If we want broader awareness serving the Highland Park area, Blip’s optimized approach is often the better fit. We can set goals, audience targets, and budget, and then let the platform distribute delivery across available opportunities. That is a practical option for advertisers who care more about efficient reach than about choosing every board and hour themselves.
The flexibility matters. We can start with a modest test because pricing begins at $0.01 per display, and each ad play is only 7.5 to 10 seconds long.

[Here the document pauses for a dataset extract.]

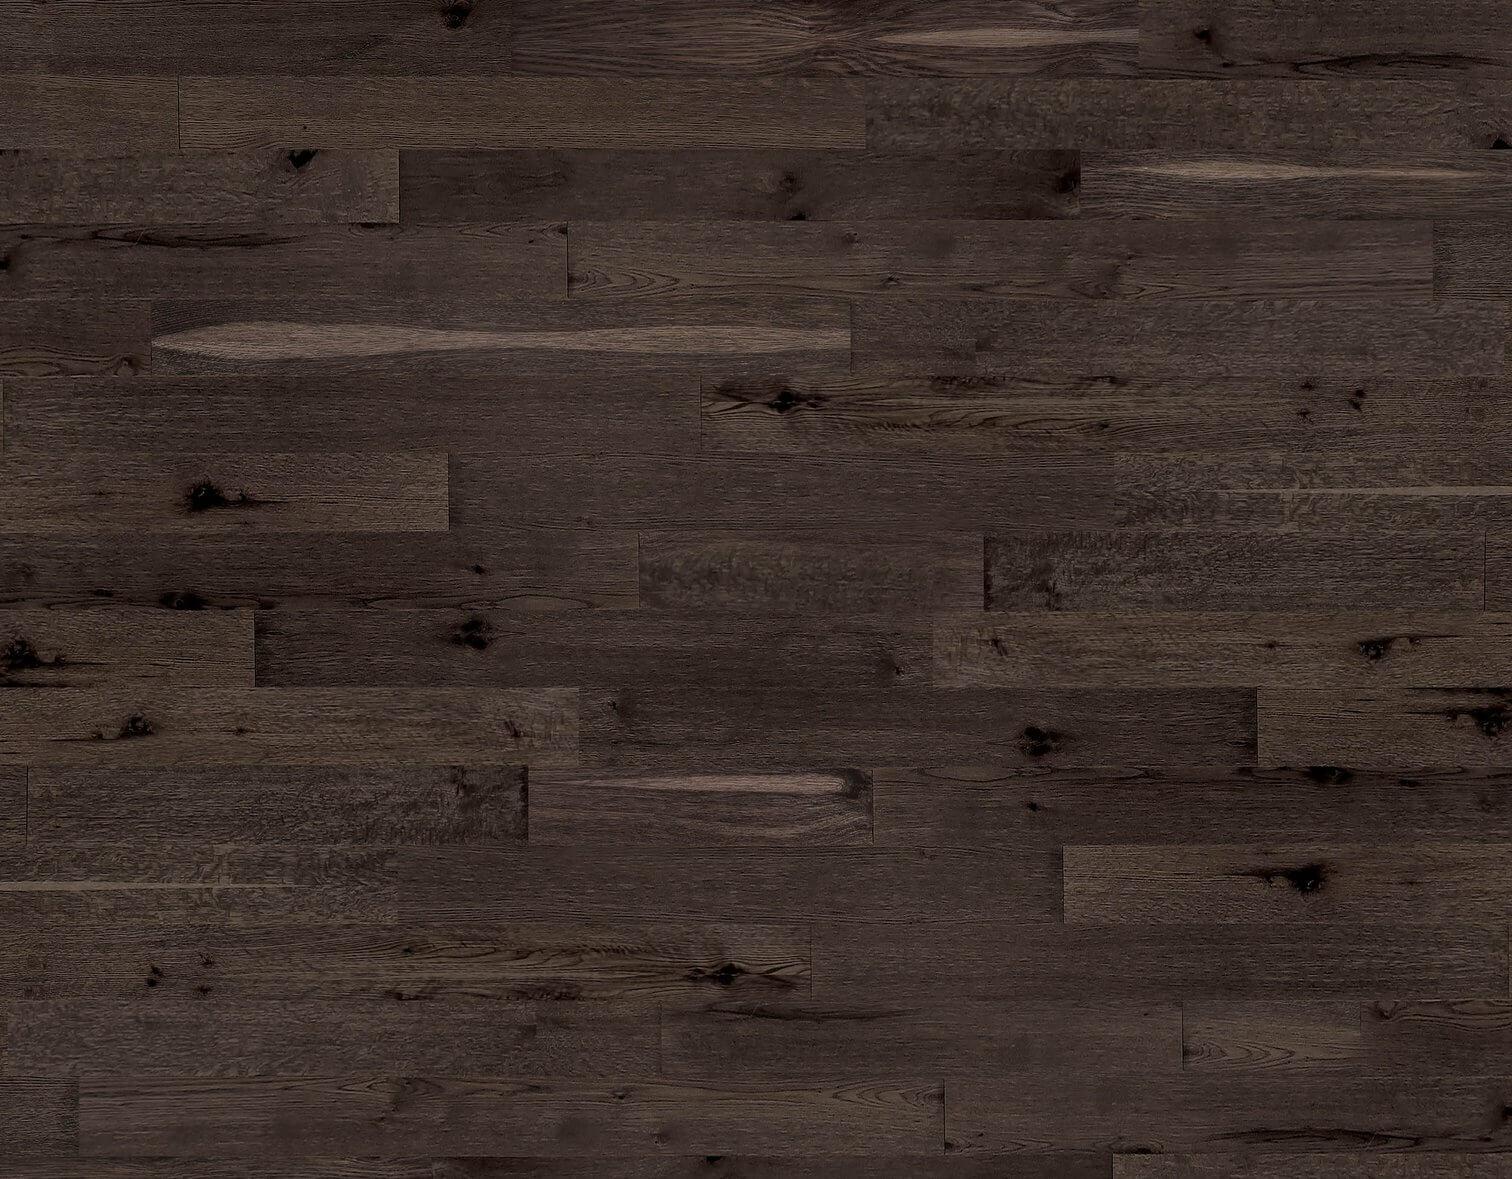 Dusk Originals Hardwood Plank | Wallplanks
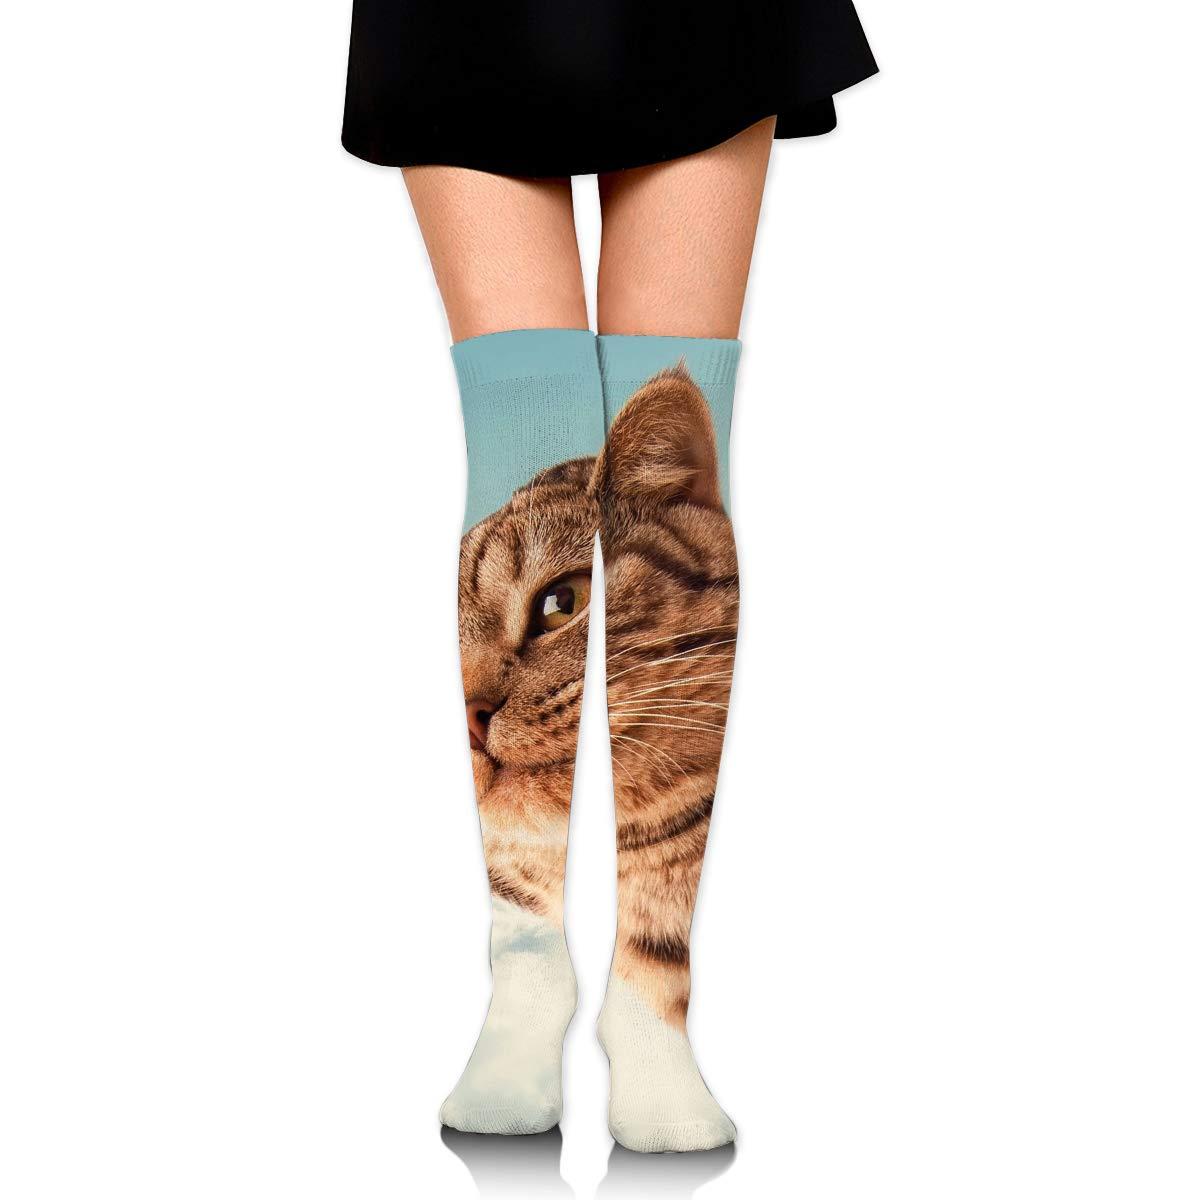 High Elasticity Girl Cotton Knee High Socks Uniform Cat I Belive I Can Fly Women Tube Socks

We can then watch performance in real time, adjust creative, shift dayparts, or scale up during high-demand periods such as summer events or holiday retail weeks. For a market near Highland Park, that kind of agility is often more useful than a rigid traditional buy.
The first step is to define what success looks like. A healthcare practice may want patient awareness across the North Shore. A restaurant may want dinner traffic on specific nights. A home service company may want homeowners within a 5- to 10-mile area. Once we know the goal, it becomes easier to judge whether a given board is serving commuter traffic, shopper traffic, or destination traffic.
When we evaluate billboard locations near Highland Park, we usually look at 5 practical factors.
Traditional billboard buying often involves long lead times, fixed terms, and limited flexibility. Blip simplifies that process. We can launch online, upload creative, choose manual or optimized delivery, set the budget we want, and change course whenever the campaign data tells us to. There are no contracts and no minimums, so advertisers do not need to overcommit just to test whether outdoor works for them.
For most advertisers serving the Highland Park area, we recommend starting with a focused 2- to 4-week test. That is usually long enough to compare weekday and weekend behavior, learn which message gets the best response, and decide whether to expand into a larger seasonal campaign. A good first campaign usually has one target audience, one clear offer, one clean creative concept, and a schedule built around actual local movement patterns.
The biggest advantage is that we do not have to guess blindly. We can start small, watch results, and refine. In a market near Highland Park, where the audience shifts between commuters, families, and seasonal visitors, that flexibility is exactly what makes digital billboard rental so effective.